The griot in me persisted as hours became days, days become weeks and weeks become month and month become years. I failed to calm the itch, this sting under my skin, that itch became a village voice, a voice of reason, a voice of the people .I learnt rhymes from yap yelping baboons, laughing hyenas and claps of thunder, all these sounds resonated with village drumbeats to form a rhythm, a rhythm that became a fever like a seizure, when I resurrected from the fever, the fever became words. I became a word slinger, a festival of words and a beat that resonated with songs of the village(panda!, pangu! , panda panda! pangu pangu! ,pangu!, pa pa!), sounds of the forests, the roar of violent rivers and the pounding drums. All these repented me into poetry, I became a village GRIOT, a revered orator inspired by the sound of the wind of the drumbeat. Hamutyineyi Chimombe of Zimbabwe( a Karanga lyricist/WRITER) and Wole Soyinka of Nigeria( a global poet/THESPIAN) initiated me and I became a spirit of verse . I cooked metaphors in the pots of my mind, I roasted imagery in the pans of my inspiration, I boiled assonance for in my dreams and snores. . I caressed pages with passion. I read everything that met the eye with profound zeal.
I fulfilled the dreams of my father, a culturist and traditional dancer, a self-styled orator; he told me that my great grandfather RATSAUKA was a talented poet and singer. At home we were taught to cuddle books than young clueless virgins .We learnt life the hard way. During rainy seasons, we planted our fields under the veil of early morning dawn until later in the when afternoons began to roast our threadbare skin. We got our food from the fields, we were taught to work hard to feed ourselves, and we carried that legacy until later years of our lives. The beat of days and the mass of nights (moon, shadows, sun, stars, stories and songs) shaped the imagery of my poetry. I liked trips to the pastures to heard cattle, eating wild fruits and chasing after wild insects.
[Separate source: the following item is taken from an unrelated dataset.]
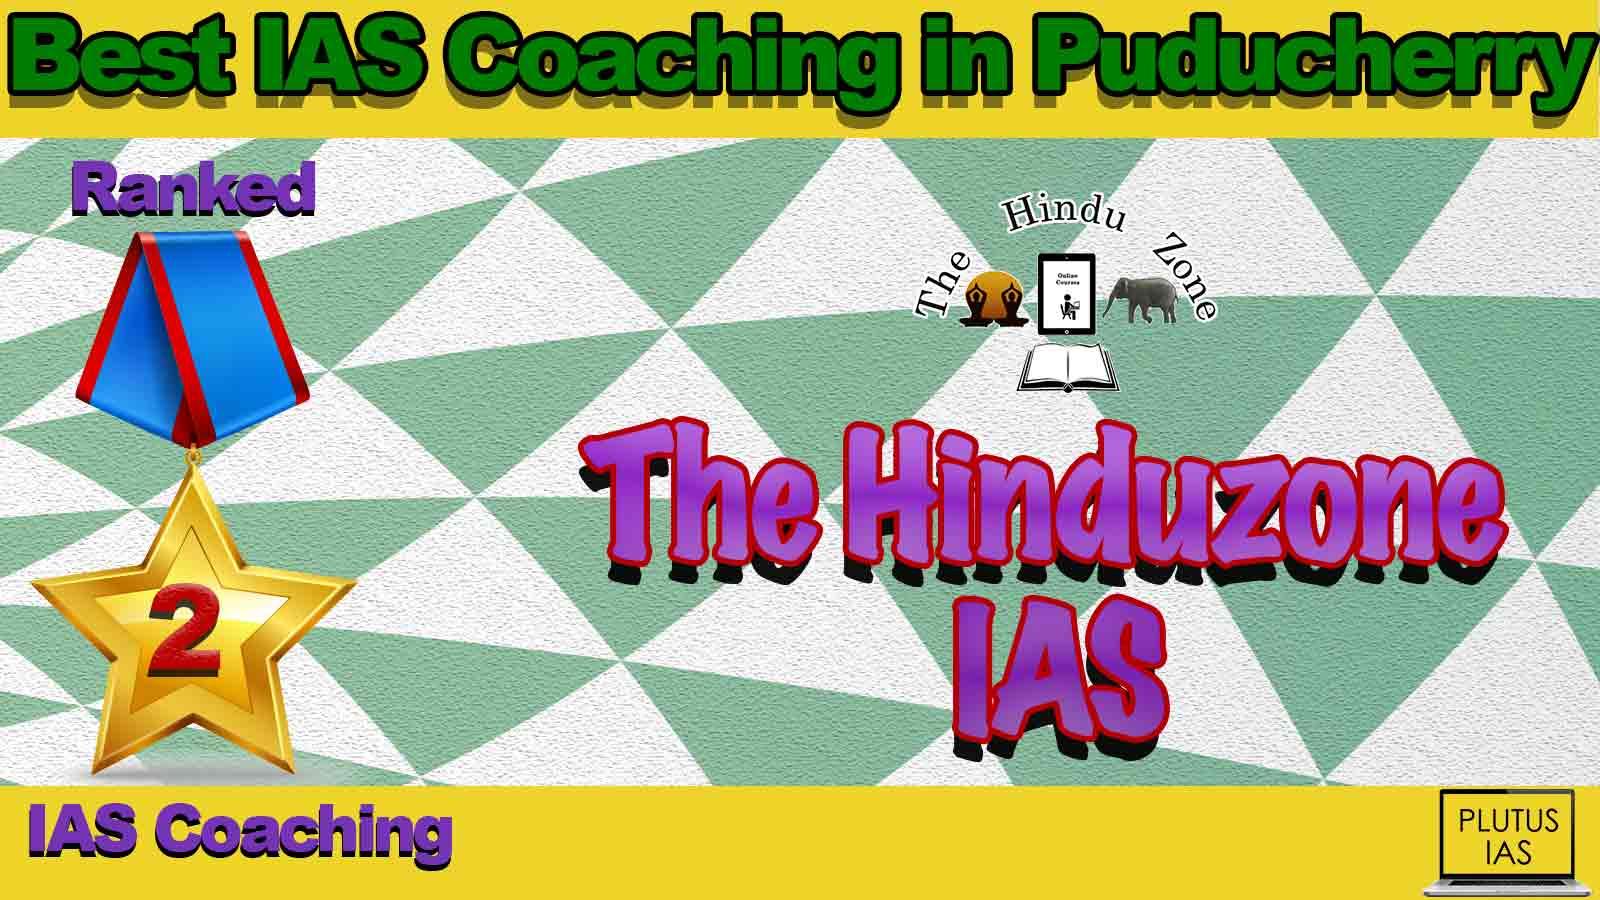 Best IAS Coaching in Chhattisgarh

The earth would beautifully dress in new lemon green apparel. Our cows would feast on the rich greenness, their fat rich udders oozed with fresh milk; the dripping drops of milk quenched our dry throats in hot afternoons. The passion of stories grew in me like baobab. I baked life experiences into poems, stories, essays or opinions. The sun and drums push years and the village became history .I left the red hills of home , the fields , the village , mist , the dew and my people . I went to concrete jungle .The urban jungle introduced me to political history, slogan and more books. The urban media popularized my poetry, I became popular. I became both an artificial griot and a natural poet. I sing of Africa, I sing for my country and my people. The village griot born out of the sound of the wind of the village drum beat (panda, panda pangu, pangu panda pa!)